Here are some quotes from the book: Mohler, R. Albert Jr. The Prayer That Turns the World Upside Down: The Lord’s Prayer as a Manifesto for Revolution. Nashville: Thomas Nelson, 2018.
Prayer is never an isolated event. When we pray, we convey our entire theological system. Our theology is never so clearly displayed before our own eyes and before the world as in our prayers.
In Scripture it is unthinkable that a true disciple of the Lord Jesus Christ would not pray.
The Lord Jesus, because he is fully God and fully man, is the only one truly qualified to teach us how to pray. As the second member of the Trinity, Jesus gives us God’s perspective on prayer. In Jesus Christ, God himself is teaching his people how he wants us to approach him. But as one who is fully man, Jesus is also able to instruct us in how we as humans are to approach prayer. Jesus engaged in and experienced a life of prayer. Because he is fully human without any taint of sin, Jesus led a life of perfect prayer.
One of the besetting sins of evangelicalism is our obsession with individualism.
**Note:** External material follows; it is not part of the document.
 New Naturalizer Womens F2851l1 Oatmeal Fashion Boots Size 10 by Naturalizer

The first-person singular pronoun reigns in our thinking. We tend to think about nearly everything (including the truths of God’s Word) only as they relate to me.
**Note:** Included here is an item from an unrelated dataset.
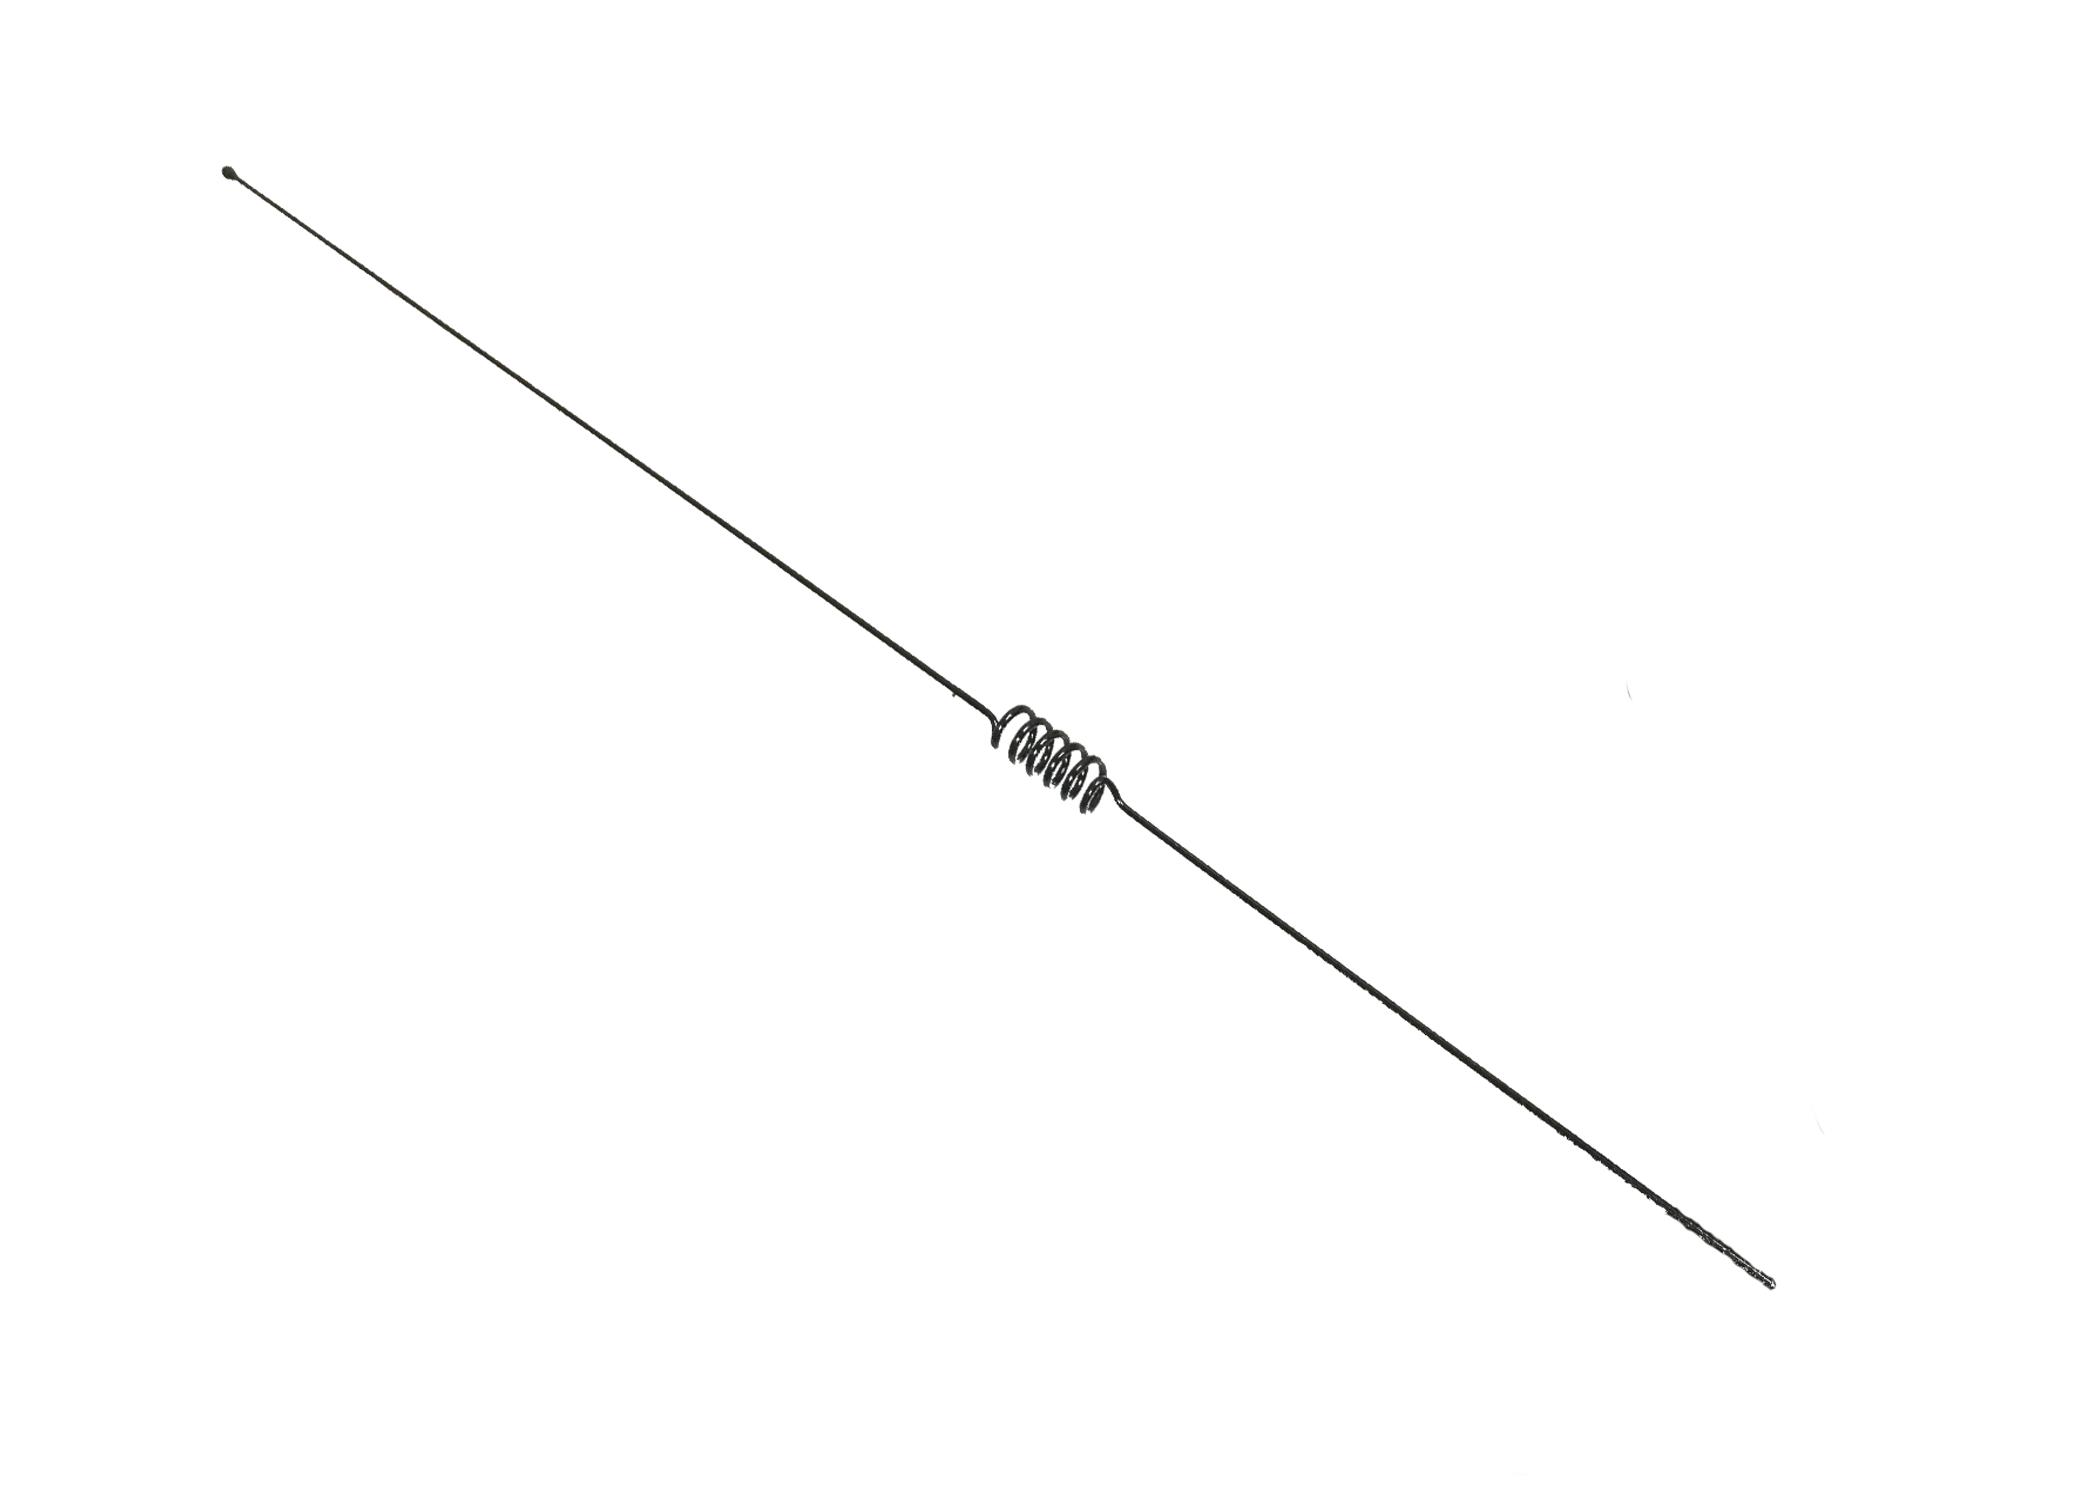 W144B - Larsen 440-460Mhx Cellular Style Whip Antenna Black

The Lord’s Prayer, however, is doctrinally robust, theologically deep, and anything but serene. The Lord’s Prayer is anything but tame. Regrettably, our familiarity often blinds us from seeing just how radical, even subversive, this prayer is. It is for those who hold firmly that Jesus Christ has inaugurated a kingdom, has risen from the dead, reigns at the right hand of God, and is coming again to judge the living and the dead. The Lord’s Prayer is for revolutionaries, for men and women who want to see the kingdoms of this world give way to the kingdom of our Lord.
As J. I. Packer noted, “Here more clearly than anywhere the purpose of prayer becomes plain: not to make God do my will (which is practicing magic), but to bring my will into line with his (which is what it means to practice true religion).”
C. S. Lewis observed the same phenomenon in his classic work The Screwtape Letters. As Lewis explained, humanity is prone to two extremes when it comes to thinking about demonic forces. There are two equal and opposite errors into which our race can fall about the devils. One is to disbelieve in their existence. The other is to believe, and to feel an excessive and unhealthy interest in them. They themselves are equally pleased by both errors and hail a materialist or a magician with the same delight.1
If Christians truly embraced biblical teaching on demonic powers, we would come to church with a tremendous sense of the fact that God has rescued us from the domain of darkness.